Innovation as a remedy for staff shortages
Innovation offers a way out in the battle against labor market shortages.
Published on February 18, 2025

Team IO+ selects and features the most important news stories on innovation and technology, carefully curated by our editors.
The labor market is stuck. Companies are struggling with a severe personnel shortage, while talent is becoming increasingly difficult to find. 46% of employers in the Netherlands are forced to organize work differently due to shortages in the labor market, according to research by the Employee Insurance Agency (UWV).
The consequences are tangible: work pressure is increasing, projects are not being carried out and growth is at risk. Innovation offers a way out of this struggle against shortages. Companies must radically change how they work: from flexible job profiles to robotizing processes. Those who do not change with the times will be left behind. Innovation is no longer a luxury, but a necessity to relieve the workload and keep the company running.

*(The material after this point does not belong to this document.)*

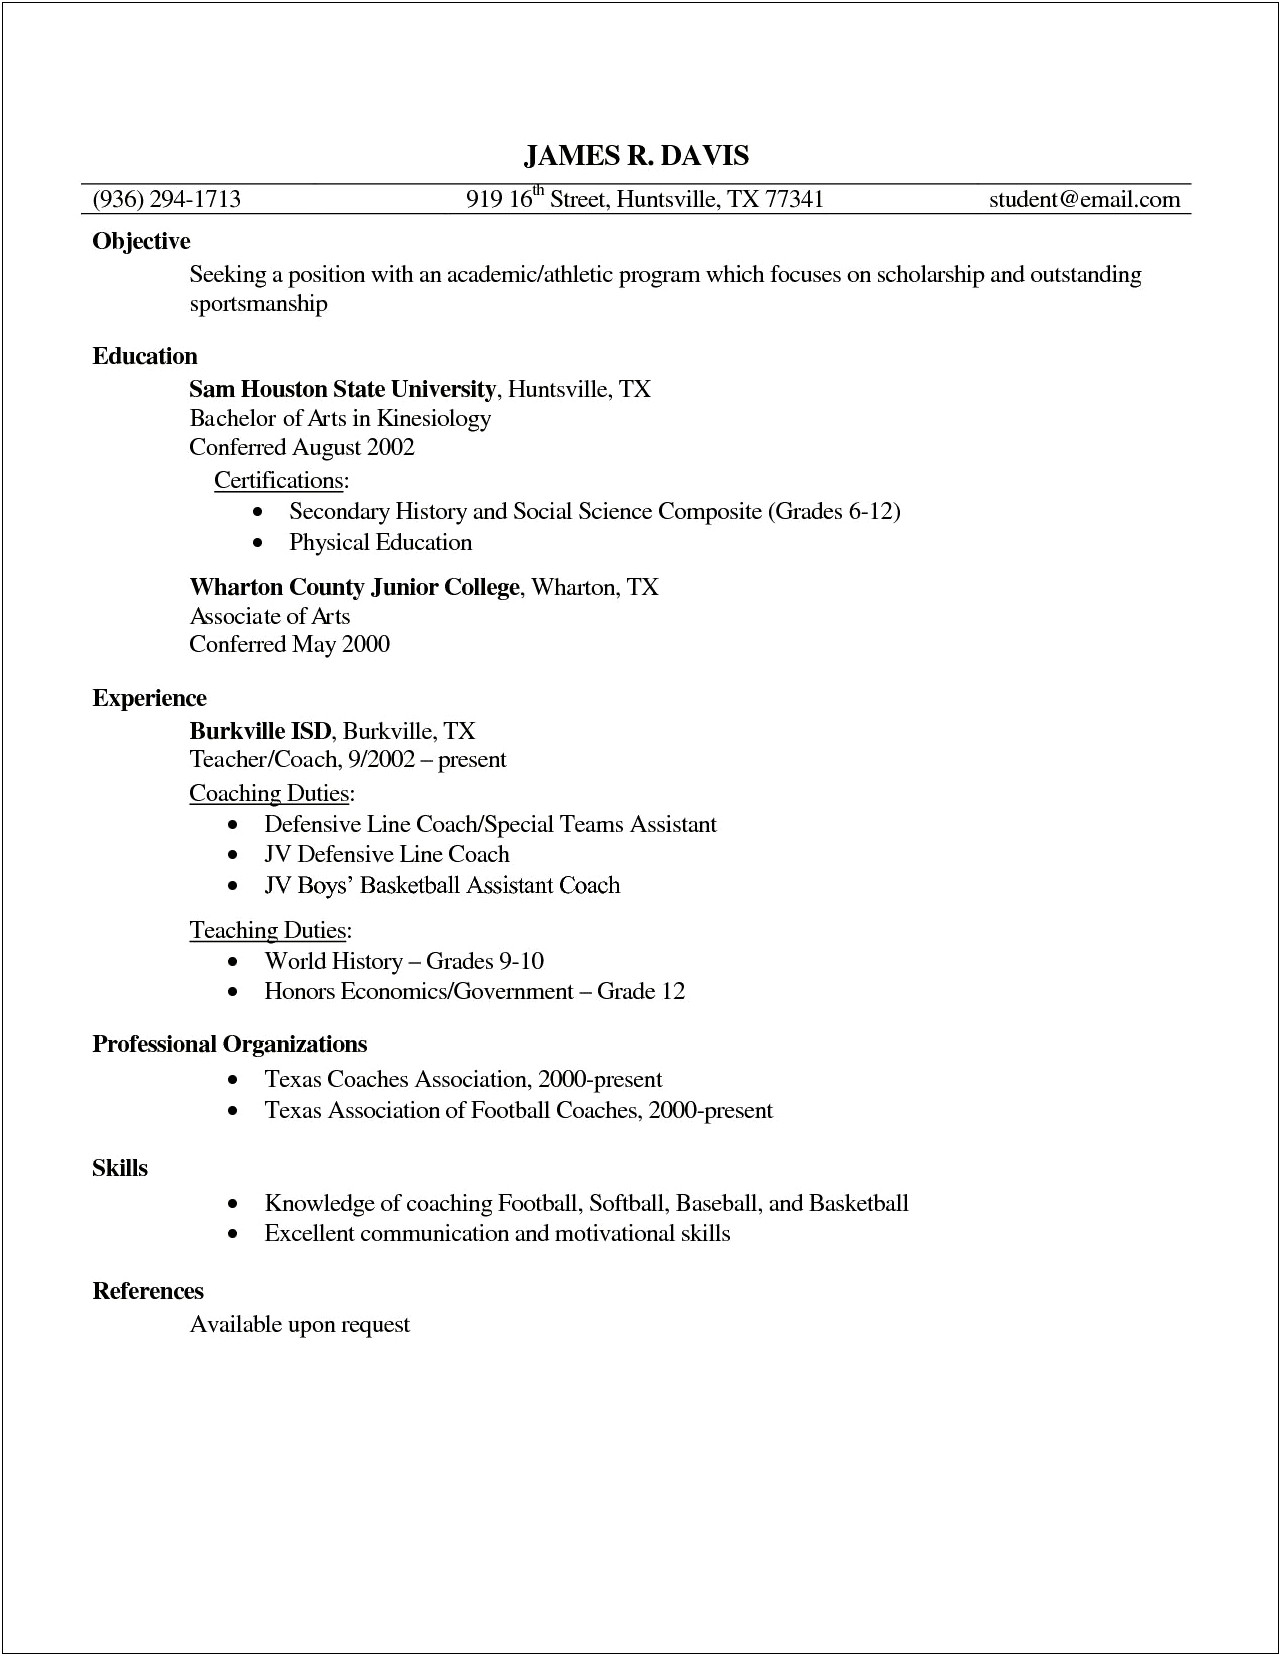 Professional Footbal Coach Resume Examples

Persistent shortages force innovation
Six out of ten employers are experiencing staff shortages. The situation is urgent: 53% of vacancies are difficult to fill. Only 9% of employers expect finding staff to become easier in the course of this year. Traditional solutions such as recruitment and staff retention are no longer sufficient. Employers must start thinking and working differently in a structural way. The Dutch economy has grown in a 'labor-intensive' way for too long. This is no longer tenable with an aging population and social transitions such as the energy transition. Innovation is no longer a choice but a necessity.

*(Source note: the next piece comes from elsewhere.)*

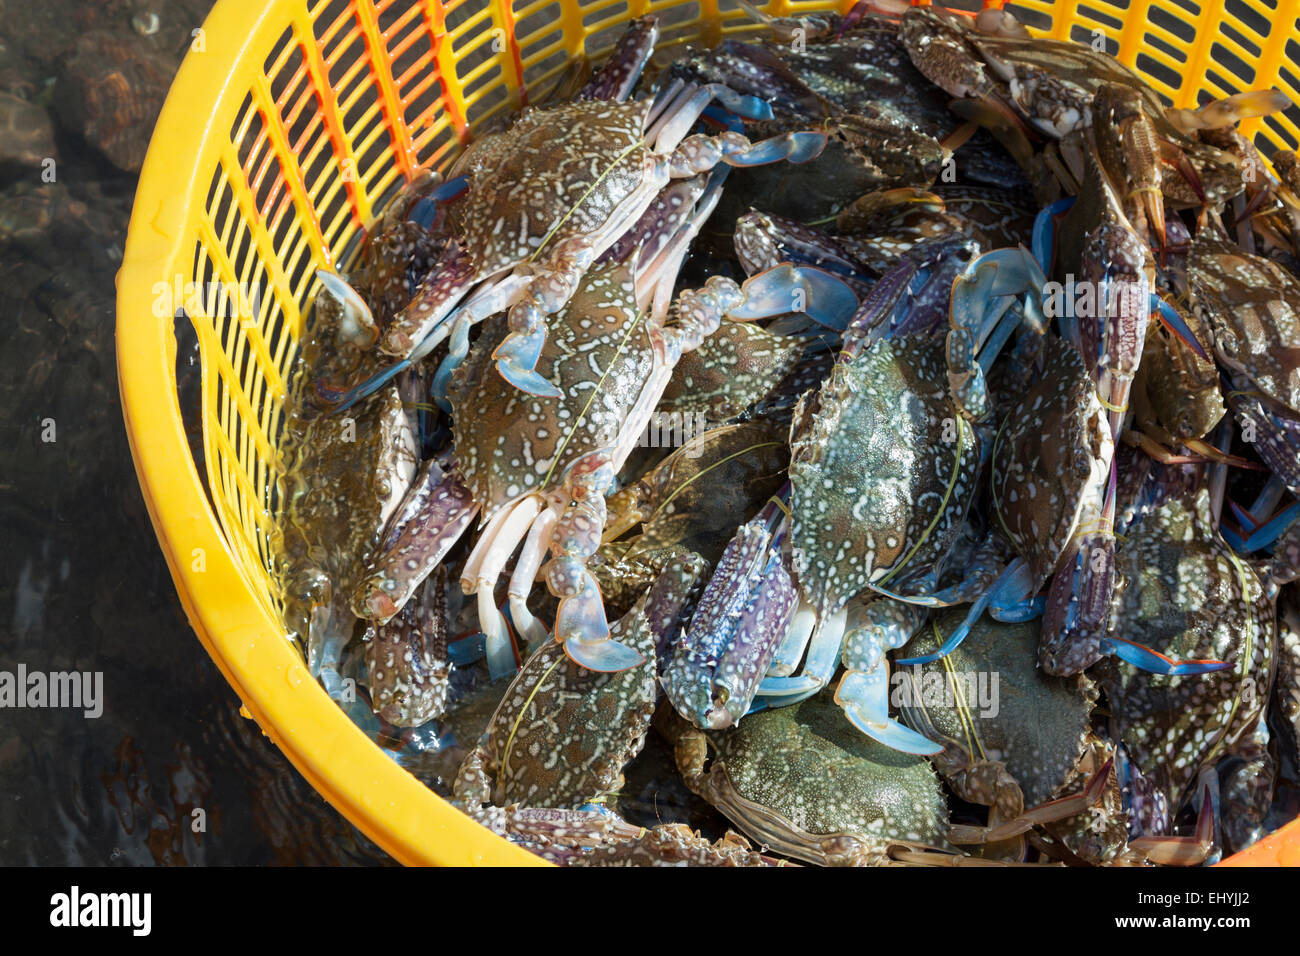 Crab Market in Kep, Cambodia. Traditional occupation for make a living. Crab in basket ready for sale. Stock Photo

Organizing differently as a first step
The Employee Insurance Agency (UWV) has seen that almost half of employers are organizing work differently. A successful example is the Frisian company Opnieuw, which divides tasks into specializations. Where previously one person would repair an entire chair, there is now a specific department for armrests, for example. Customs also applies this method by bundling non-specialist tasks into new positions with less specific requirements. This 'job carving' approach makes it easier to fill vacancies and gives specialists more room for their core tasks. UWV labor market advisor Erica Maurits emphasizes the importance of employee involvement in these changes: “Employees often have a good sense of what the possibilities are.”

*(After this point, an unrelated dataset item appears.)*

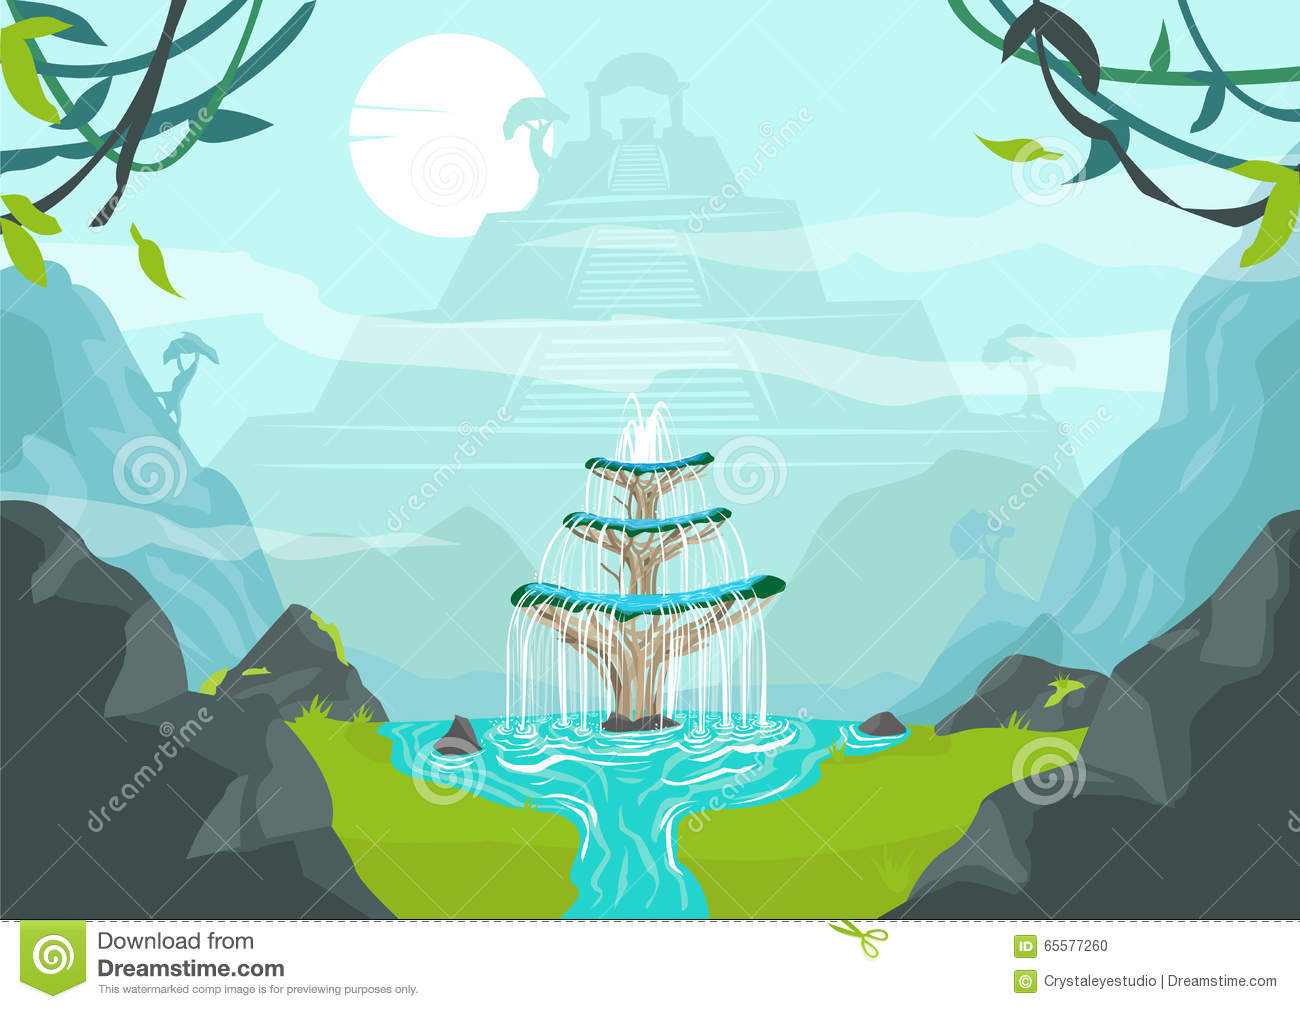 A Lost City With Fountain Of Youth Or Elixir Of Life Concept.

The world against the screaming staff shortage
In the column series “What the world would be like, if…” Elcke Vels explores intriguing scenarios that deviate from the status quo. Each column is supported by AI-generated images.
Robotization and automation offer a solution
The plastic window frame industry shows how robotization can solve personnel shortages. A recent innovation in which robots install strike plates and handle profiles delivers impressive results: an error margin of almost zero and significant relief for employees. In the construction sector, digitization is seen as a crucial solution to the personnel shortage. Smart software and automation lighten the administrative burden and make processes more efficient. These technological innovations are not only an answer to personnel shortages but also strengthen the competitive position of companies.
Towards a future-proof labor market
The Netherlands must become more innovative to increase labor productivity. TNO identifies four crucial solutions: stimulating economic activities with higher productivity growth, developing labor-saving technologies, applying technological and social innovations, and continuous learning and development. Labor participation in the Netherlands is already so high that further increases are hardly possible. Acemoglu predicts that in 10 years, AI could realize a GDP growth effect of 0.9-1.1%, rising to 1.8% with major investments. This transition requires a joint effort from the government, the business community and employees.